Does Previous Failed Shockwave Lithotripsy Treatment Have an Influence on Retrograde Intrarenal Surgery Outcome?

Introduction

The prevalence of urolithiasis is nearly 20% all over the world and patients with urolithiasis constitute an essential part of the patients referred to the urology clinic. ¹ Many parameters should be considered on the management of renal stones and authors recommend extracorporeal shockwave lithotripsy (SWL), retrograde intrarenal surgery (RIRS), and percutaneous nephrolithotripsy (PNL), as treatment options. ² Among these minimally invasive techniques, SWL does not require general anesthesia, has 89% success rate for renal pelvic stones: 83% for upper caliceal stones, 84% for middle caliceal stones, and 68% for lower caliceal stones. ³ New endoscopic equipment and laser devices with powerful and functional optics that are used in combination with advances in technology have revolutionized the treatment of kidney stones and have made the RIRS method popular, safe, and efficient, which is previously used as salvage therapy in SWL resistant stones. In this study, we aimed to investigate whether the previously failed SWL treatment affects RIRS outcome.

Materials and Methods

Patients who underwent RIRS for kidney stones between January 2012 and December 2017 in Diskapi Yildirim Beyazit Training and Research Hospital were reviewed retrospectively; demographic data of the patients, number of stones, and localization were recorded. Patients treated with primary RIRS (186 patients) were classified as Group 1. The outcomes of these patients were compared with those of 186 patients who underwent RIRS after failed SWL treatment using matched-pair analysis, and these patients were classified as Group 2. The matching parameters were gender, age, and body mass index of the patients, as well as the size and number and location of the stones.

Complete blood count, urinalysis, urine culture, coagulation, and kidney function tests of the patients referred to the urology clinic for flank pain and hematuria were analyzed. All of the patients were evaluated using ultrasonography (US), intravenous urography, and computed tomography (CT) preoperatively. The patients who had urinary infection were treated with appropriate antibiotics and underwent surgery after sterile urine cultures were collected. Intervention for the kidney stones as SWL or RIRS was planned by the expectation and preference of both the patient and the surgeon.

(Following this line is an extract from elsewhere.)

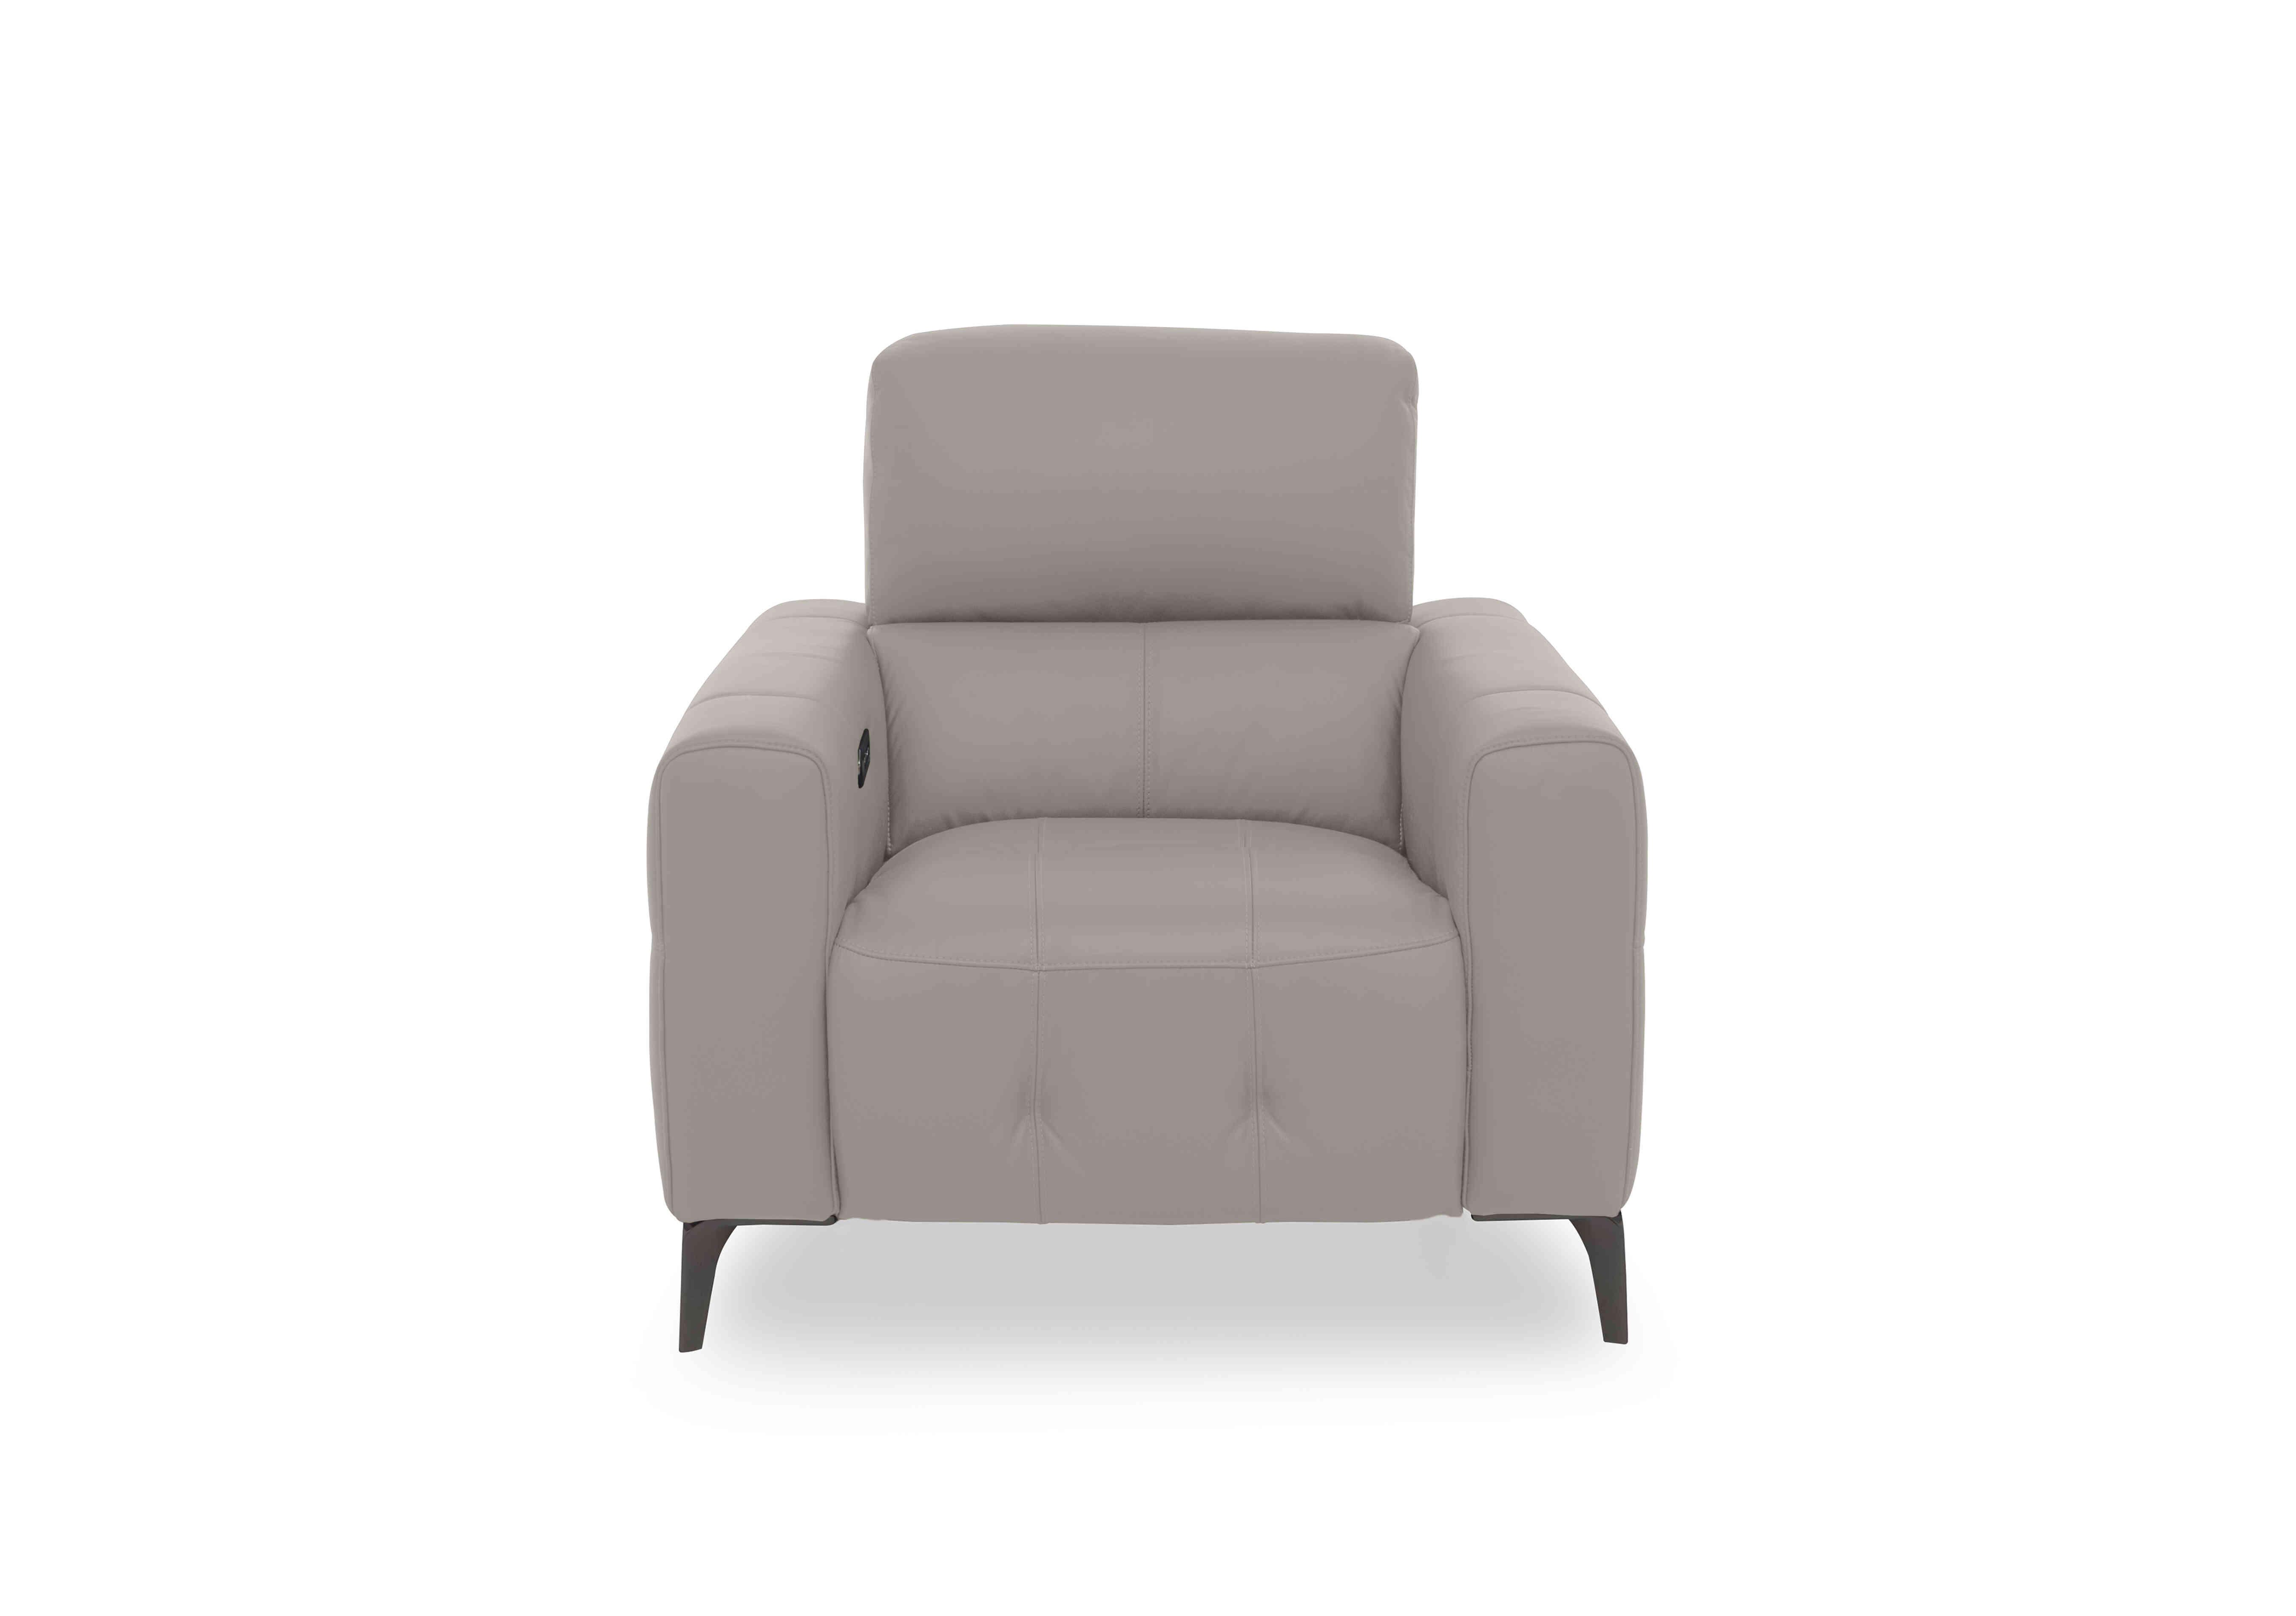 New York Leather Chair in Bv-946b Silver Grey on Furniture Village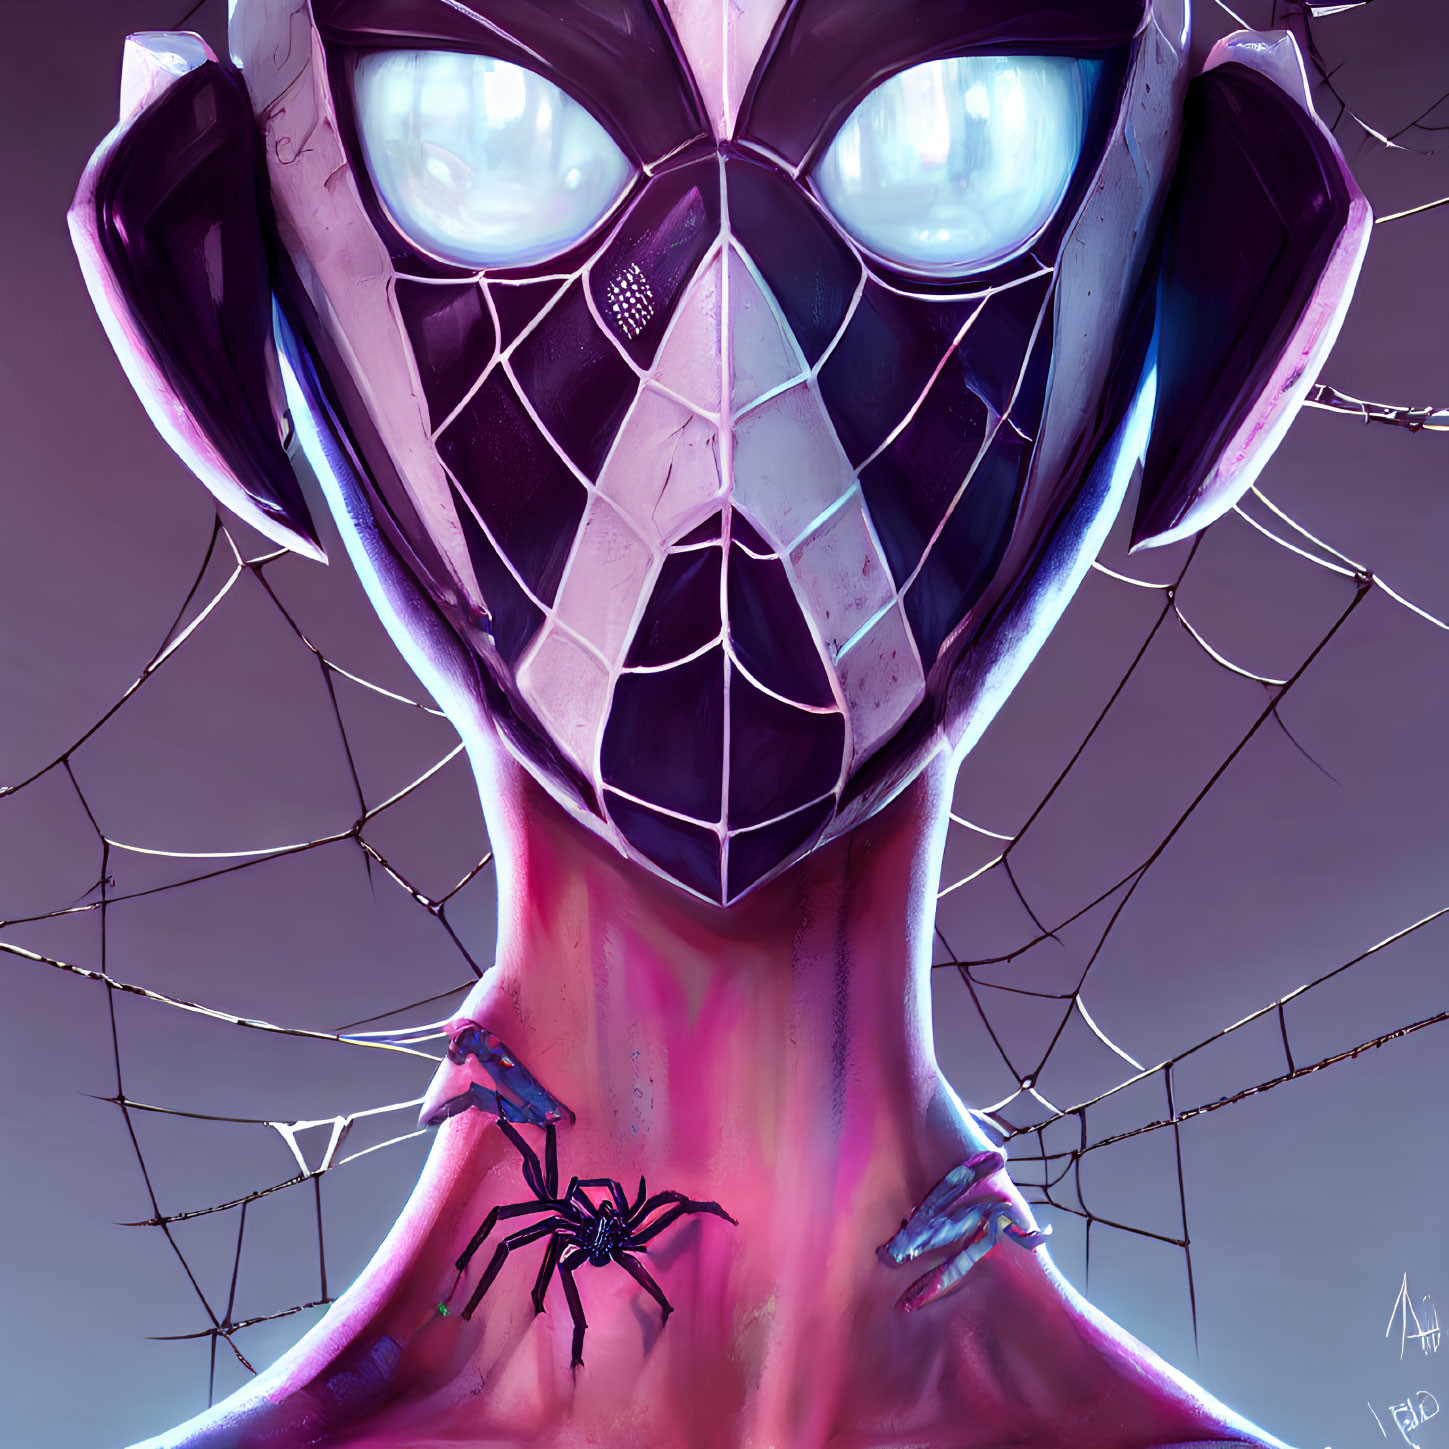 Character with Spider-Themed Mask and Glowing Eyes Illustration

Informed consent was obtained from the patients decided for SWL treatment and maximum three SWL sessions at 2-week intervals were applied by electrohydraulic extracorporeal lithotriptor (Multimed Classic; Elmed, Ankara, Turkey). All patients were checked using X-ray or US for stone clearance the next week, and cases with intact stones despite SWL treatment were decided as failure and managed with RIRS.

Also, informed consent was obtained from every patient who decided to undergo surgery. All of the urine culture samples were sterile before the surgery. Under general anesthesia and fluoroscopic control, the guidewire was placed on the renal pelvis. Diagnostic ureterorenoscopy was performed; the whole ureter was observed through up to the ureteropelvic junction and the ureter was dilated using the semirigid ureteroscope.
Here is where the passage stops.